The scribe will give you more of a clinical experience (although the ED is a skewed perspective on medicine, and an outpatient office is arguably more like the "real world" of medicine), but the receptionist will let you smell patients, so it'll count as clinical experience too. So from an application perspective, they're equivalent.
Which is more interesting to you? Which has better hours and better pay? Better benefits? Which is a better fit for your personality? Do you want to be on your feet for 8? 10? 12? hours in an ED, including maybe some night shifts and weekend shifts? Or do you want more of a 9-5 where you can go do something else at the end of the day? Are you interested in health policy and payments and the business side of medicine? Which will give you a better LOR? Can you shadow the retina surgeon (and her/his colleagues?) during year? Can you get involved on research projects with them? Does the ED have research projects?
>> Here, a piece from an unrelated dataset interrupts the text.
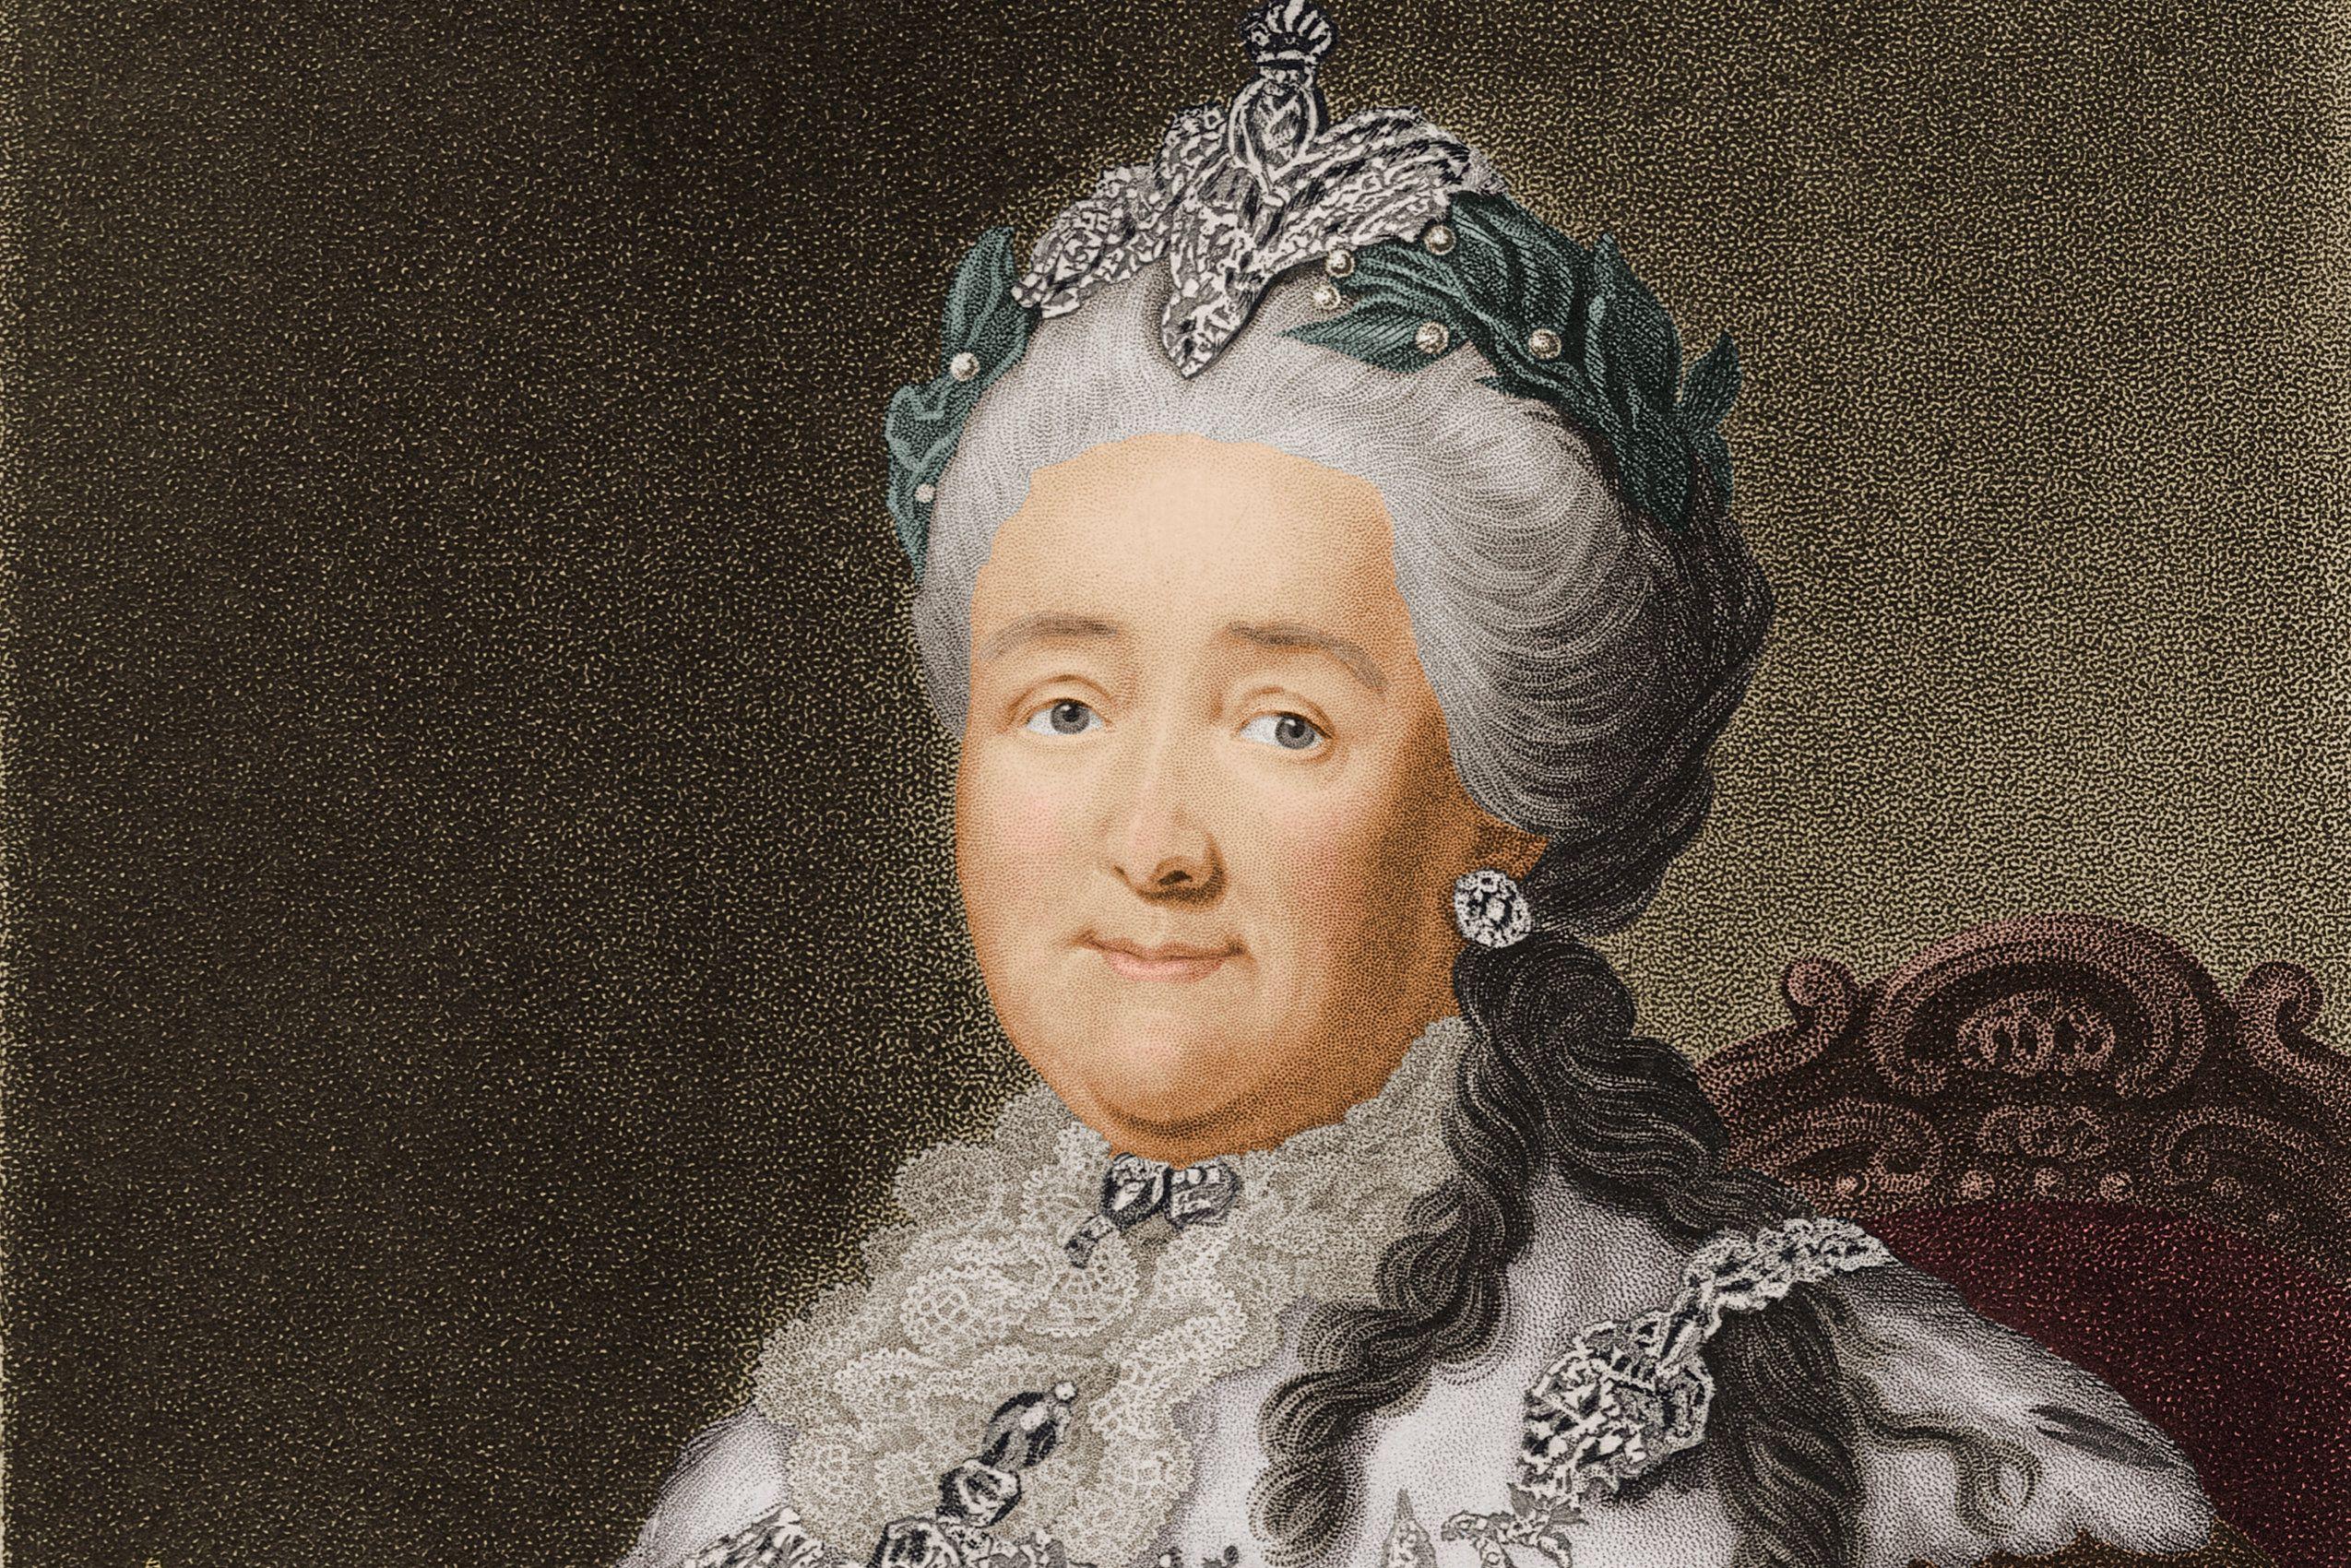 Catherine II of Russia (1729-1796)

Thanks for getting back to me!

I can definitely get involved in research projects with the retina surgeon (which the ED likely won't have), better LOR, shadowing and $2-$3/hr higher pay. But ED's weirder hours would also let me take a morning Spanish CC class to gain some language skills. I'm also more of a person who likes to be on their feet during the day, and more interested in the patient care side vs. the business side of medicine.
 
Thanks for getting back to me!

I can definitely get involved in research projects with the retina surgeon (which the ED likely won't have), better LOR, shadowing and $2-$3/hr higher pay. But ED's weirder hours would also let me take a morning Spanish CC class to gain some language skills. I'm also more of a person who likes to be on their feet during the day, and more interested in the patient care side vs. the business side of medicine.
The spanish class sounds like a great idea. Will your ED schedule be consistent enough to take classes for both semestres?
If you work as a receptionist, you'll be able to volunteer with patients during evenings/weekends. I don't know if your ED schedule would let you fit that in.
Personally, the idea of being a scribe is exhausting and a little boring, but that's just based on my EM rotation. I haven't worked as a scribe.
 
Scribing is much more desirable from an admissions perspective. I learned so much working side by side with physicians and was actually in the room during critical and often life saving procedures and often got to assist on other minor procedures. In my opinion there is no better learning experience for a pre-med than scribing and I would recommend it 1000 times over a receptionist position.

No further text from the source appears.